## DIRECTIONS
Reproduce the full listing below unchanged, apart from the pictures.

## MATERIAL PROVIDED
# # # # #
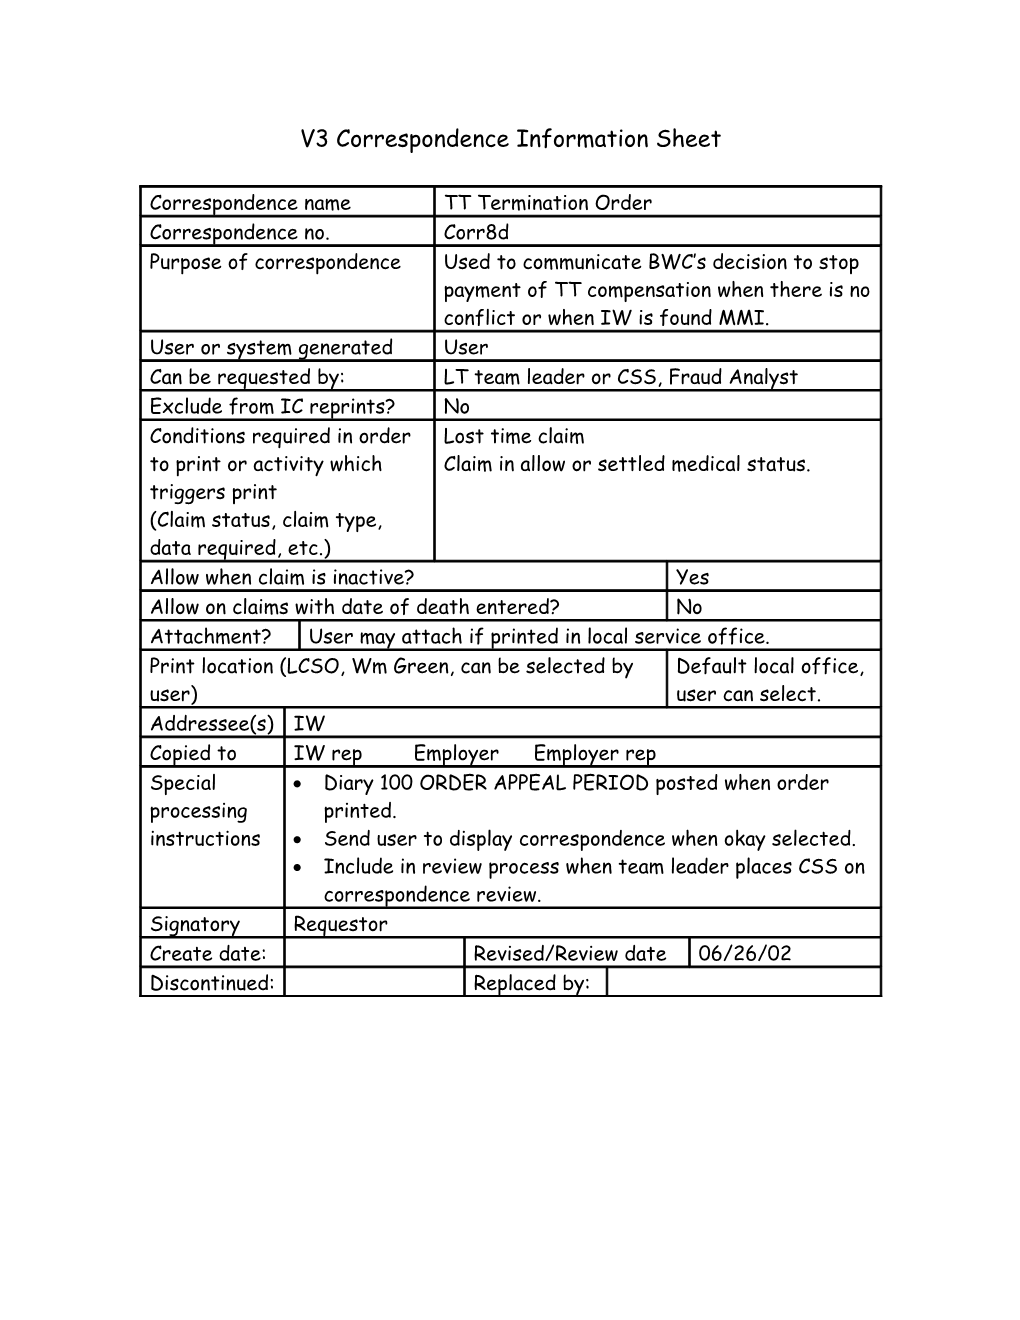 V3 Correspondence Information Sheet s1
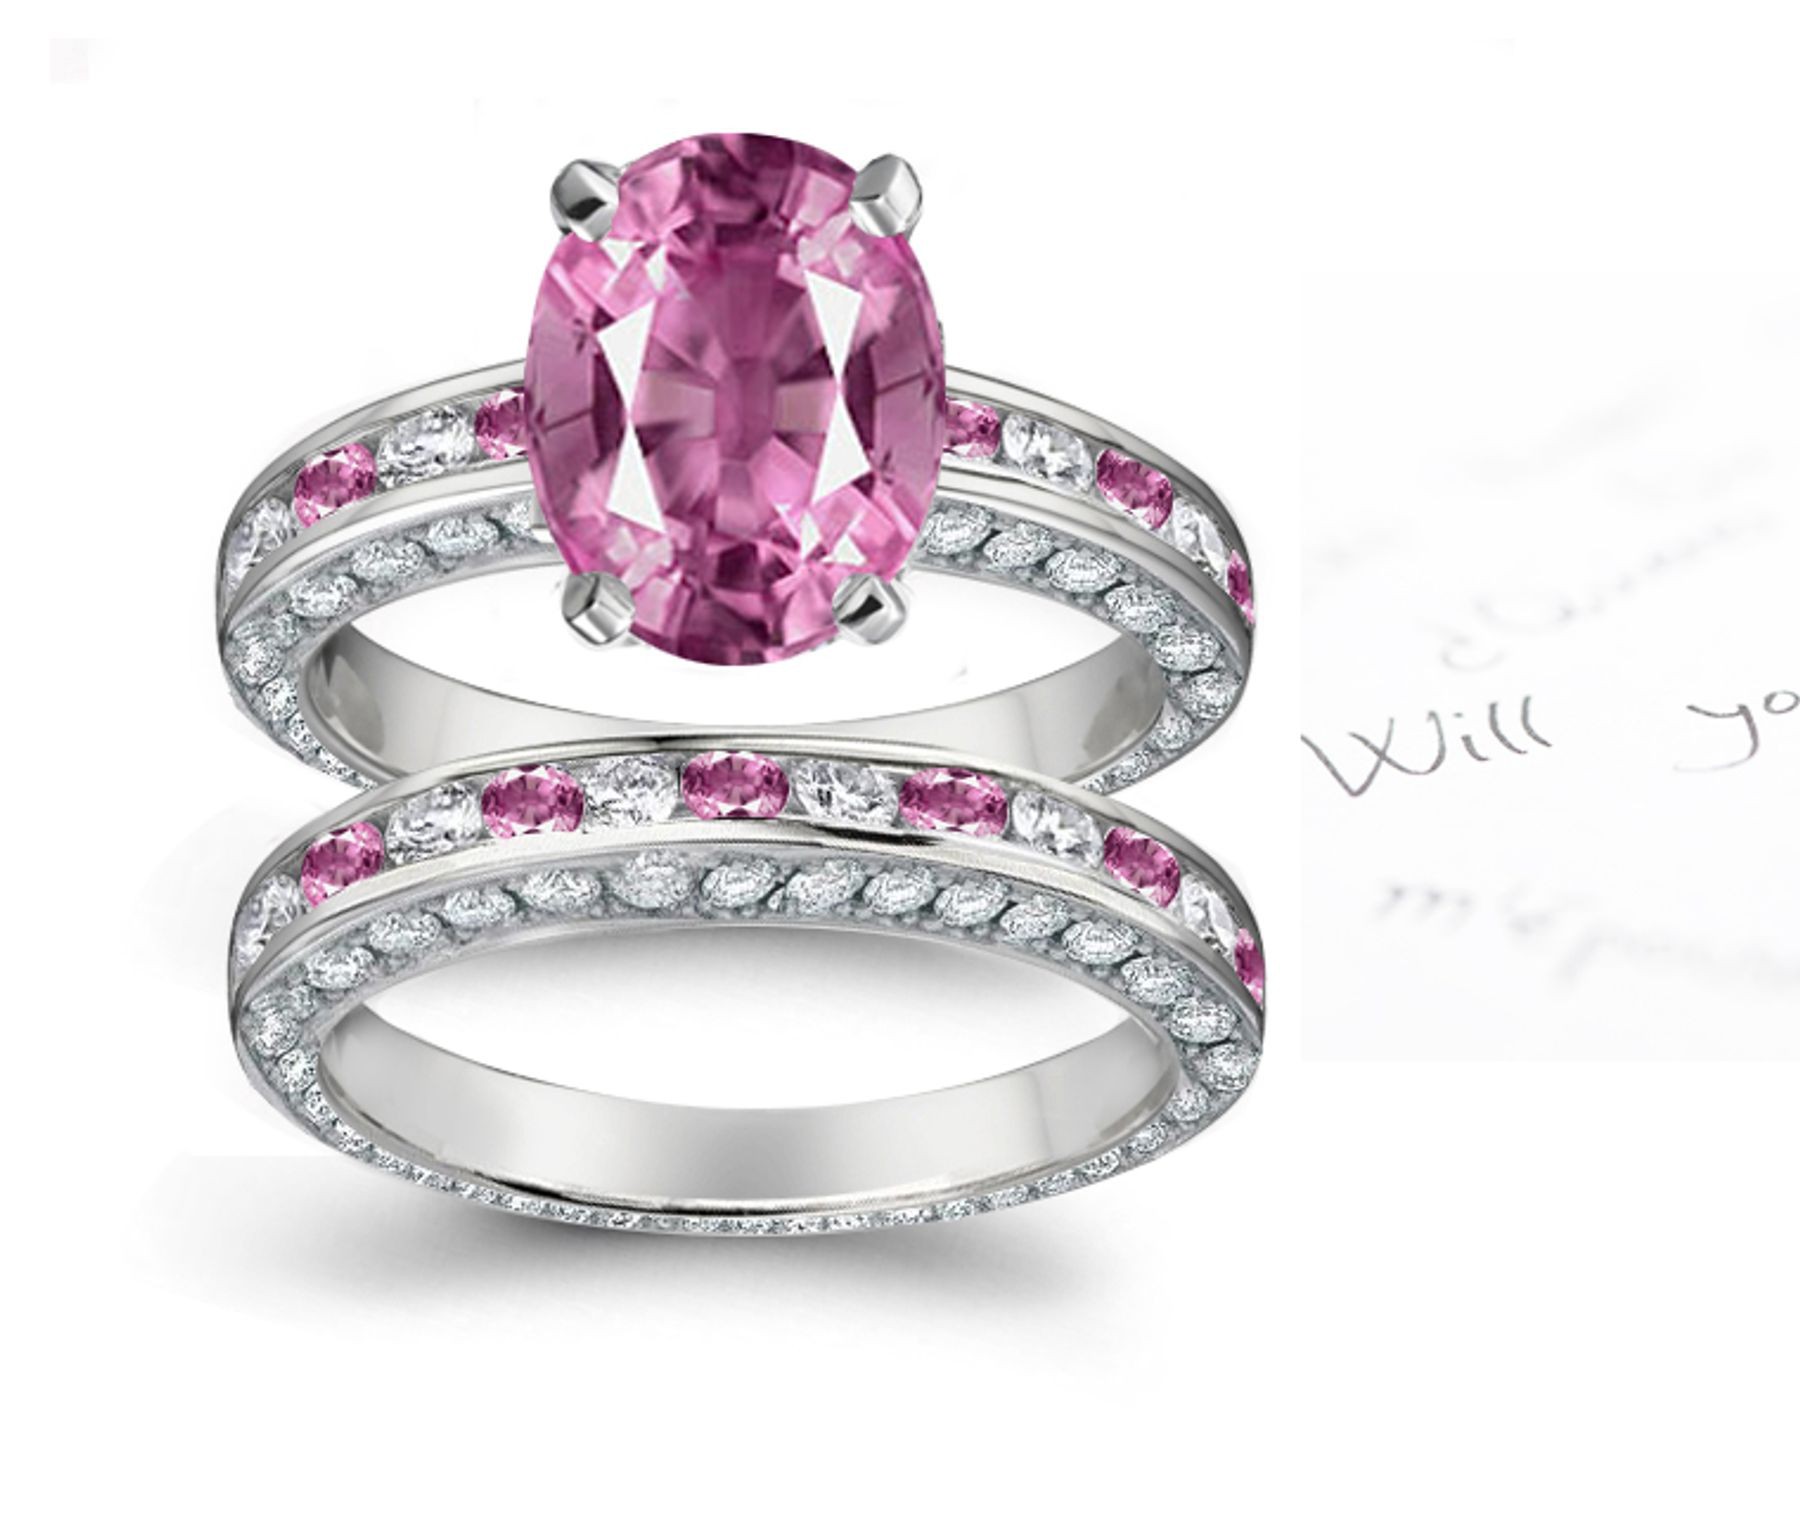 A timeless, design with a deep pink 1.0 carat Splendid Sapphire & halo of well-cut White Diamonds sapphires
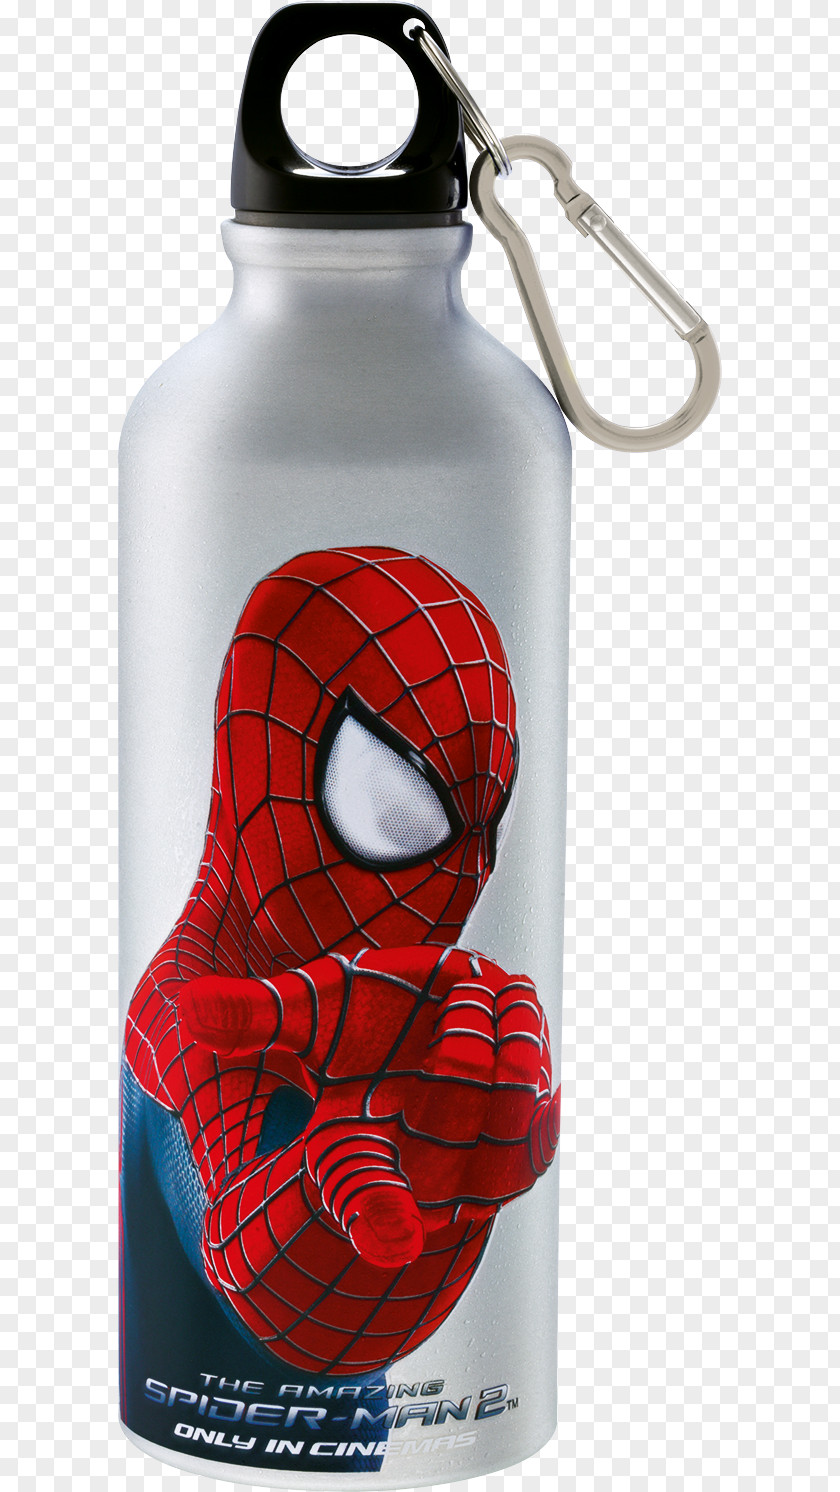 Spider-man Spider-Man Marvel Comics Superhero Movie Water Bottles PNG
# # # # #
## TASK RESULT
 V3 Correspondence Information Sheet s1
 A timeless, design with a deep pink 1.0 carat Splendid Sapphire & halo of well-cut White Diamonds sapphires
 Spider-man Spider-Man Marvel Comics Superhero Movie Water Bottles PNG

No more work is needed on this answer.